Assumptions:
$u(x,t)$ is solution of diffuse equation for $-\infty < x < \infty, t \geq 0$.
$\phi(x) = u(x,0)$ is even, resp. odd function.
I need to prove that for even: $u(x,t)=u(-x,t)$ and odd $u(x,t)=-u(-x,t)$.
I have:
EVEN:
$
\begin{align*}
u(x,t) &= \frac{1}{\sqrt{4\pi kt}} \int_{-\infty}^{\infty} e^{\frac{-(x-y)^2}{4kt}} \phi(y)dy \\
&= \frac{1}{\sqrt{4\pi kt}} \int_{-\infty}^{\infty} e^{\frac{-(x-y)^2}{4kt}} \phi(-y)dy \\
&= -\frac{1}{\sqrt{4\pi kt}} \int_{-\infty}^{\infty} e^{\frac{-(x+z)^2}{4kt}} \phi(z)dz = ??? = u(-x,t)
\end{align*}
$
I did the substitution of $z=-y$.
ODD:
$
\begin{align*}
u(x,t) &= \frac{1}{\sqrt{4\pi kt}} \int_{-\infty}^{\infty} e^{\frac{-(x-y)^2}{4kt}} \phi(y)dy \\
&= -\frac{1}{\sqrt{4\pi kt}} \int_{-\infty}^{\infty} e^{\frac{-(x-y)^2}{4kt}} \phi(-y)dy \\
&= \frac{1}{\sqrt{4\pi kt}} \int_{-\infty}^{\infty} e^{\frac{-(x+z)^2}{4kt}} \phi(z)dz =???= -u(-x,t)
\end{align*}
$
I don't know how to continue, or even worse if what I have done is right.
Best Answer
I figured it out. Here are answers if someone cares:
EVEN: $ \begin{align*} u(-x,t) &= \frac{1}{\sqrt{4\pi kt}} \int_{-\infty}^{\infty} e^{\frac{-(-x-y)^2}{4kt}} \phi(y)dy \\ &= \frac{1}{\sqrt{4\pi kt}} \int_{-\infty}^{\infty} e^{\frac{-(x+y)^2}{4kt}} \phi(-y)dy \\ &= -\frac{1}{\sqrt{4\pi kt}} \int_{\infty}^{-\infty} e^{\frac{-(x-z)^2}{4kt}} \phi(z)dz \\ &= \frac{1}{\sqrt{4\pi kt}} \int_{-\infty}^{\infty} e^{\frac{-(x-z)^2}{4kt}} \phi(z)dz = u(x,t) \end{align*} $ substitution $z=-y$.

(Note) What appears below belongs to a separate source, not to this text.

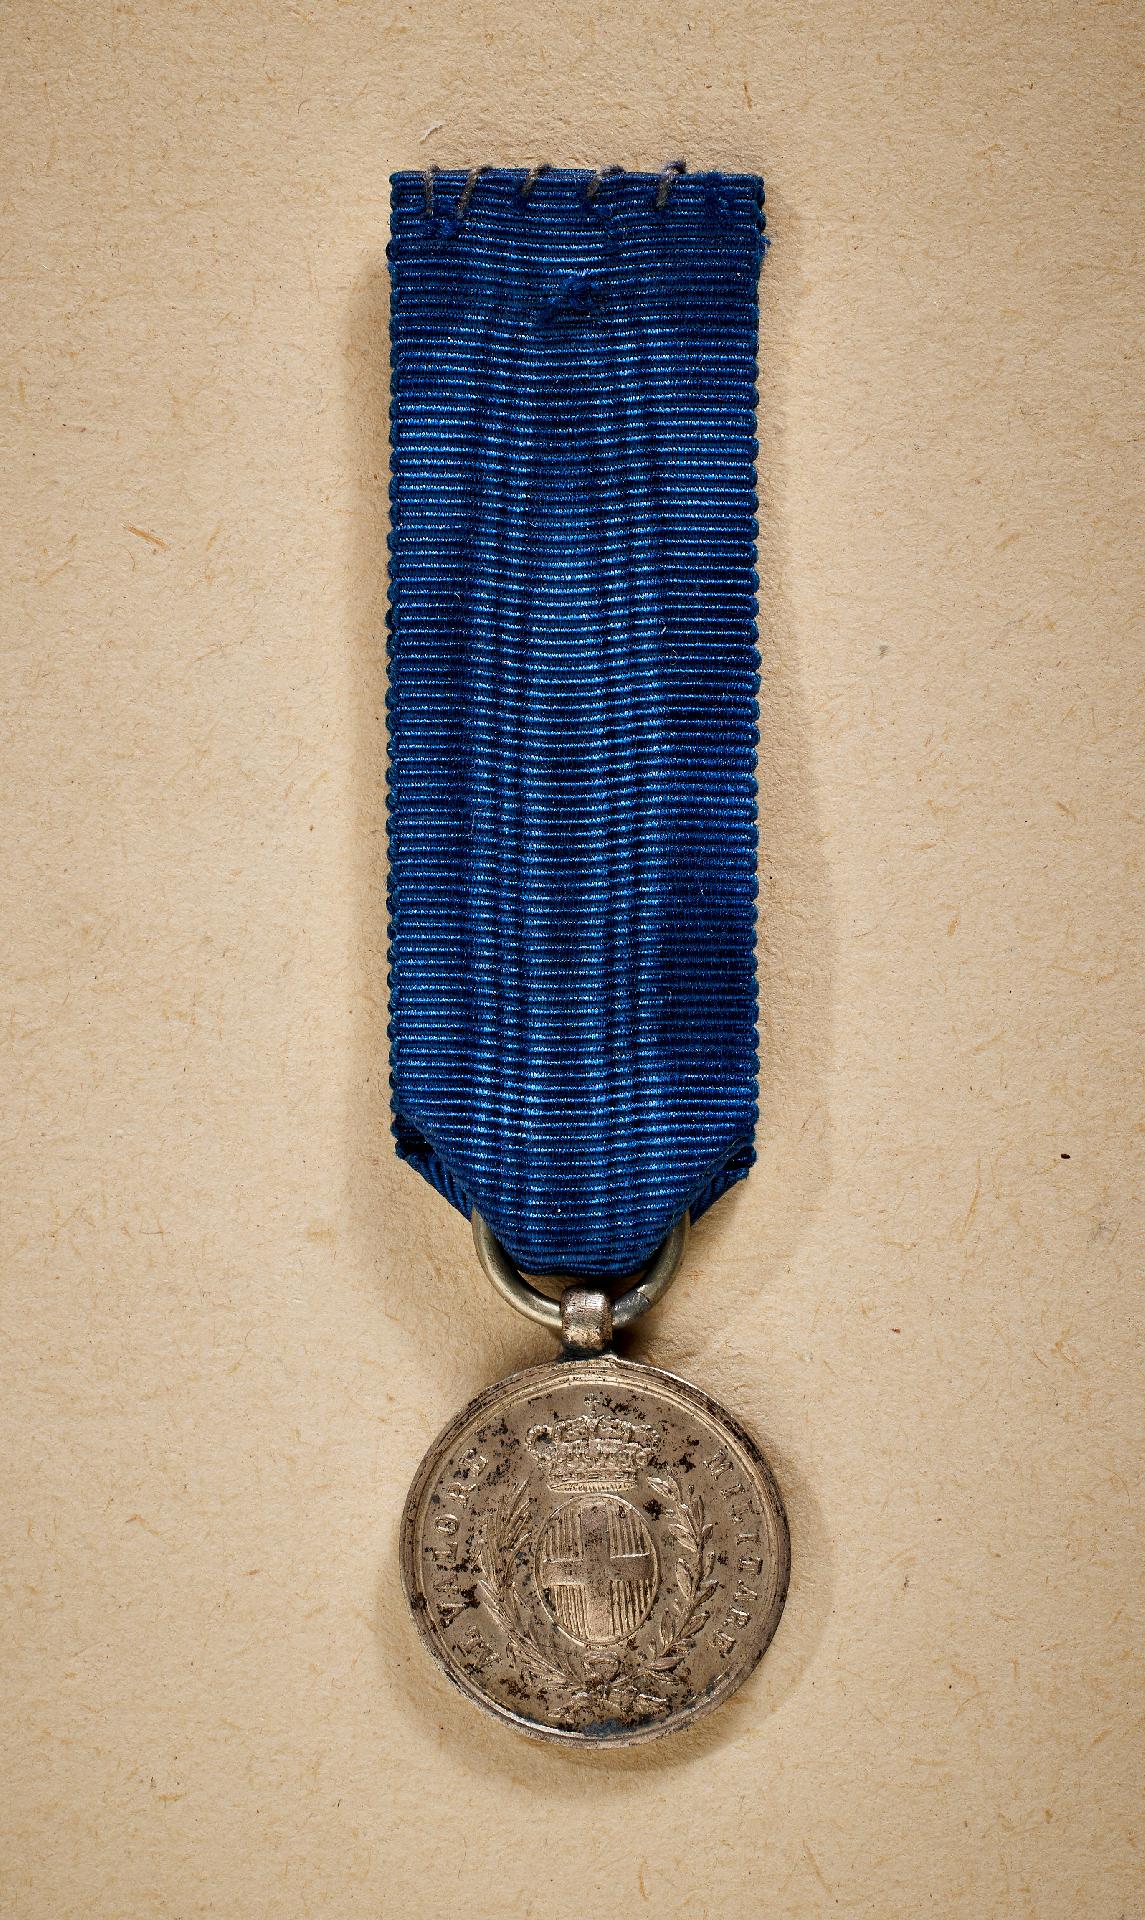 Italien : Silberne Militärverdienstmedaille "AL VALORE MILITARE" , 1917.

$ \begin{align*} u(-x,t) &= \frac{1}{\sqrt{4\pi kt}} \int_{-\infty}^{\infty} e^{\frac{-(-x-y)^2}{4kt}} \phi(y)dy \\ &= \frac{1}{\sqrt{4\pi kt}} \int_{-\infty}^{\infty} e^{\frac{-(x+y)^2}{4kt}} (-\phi(-y))dy \\ &= \frac{1}{\sqrt{4\pi kt}} \int_{\infty}^{-\infty} e^{\frac{-(x-z)^2}{4kt}} \phi(z)dz \\ &= -\frac{1}{\sqrt{4\pi kt}} \int_{-\infty}^{\infty} e^{\frac{-(x-z)^2}{4kt}} \phi(z)dz = -u(x,t) \end{align*} $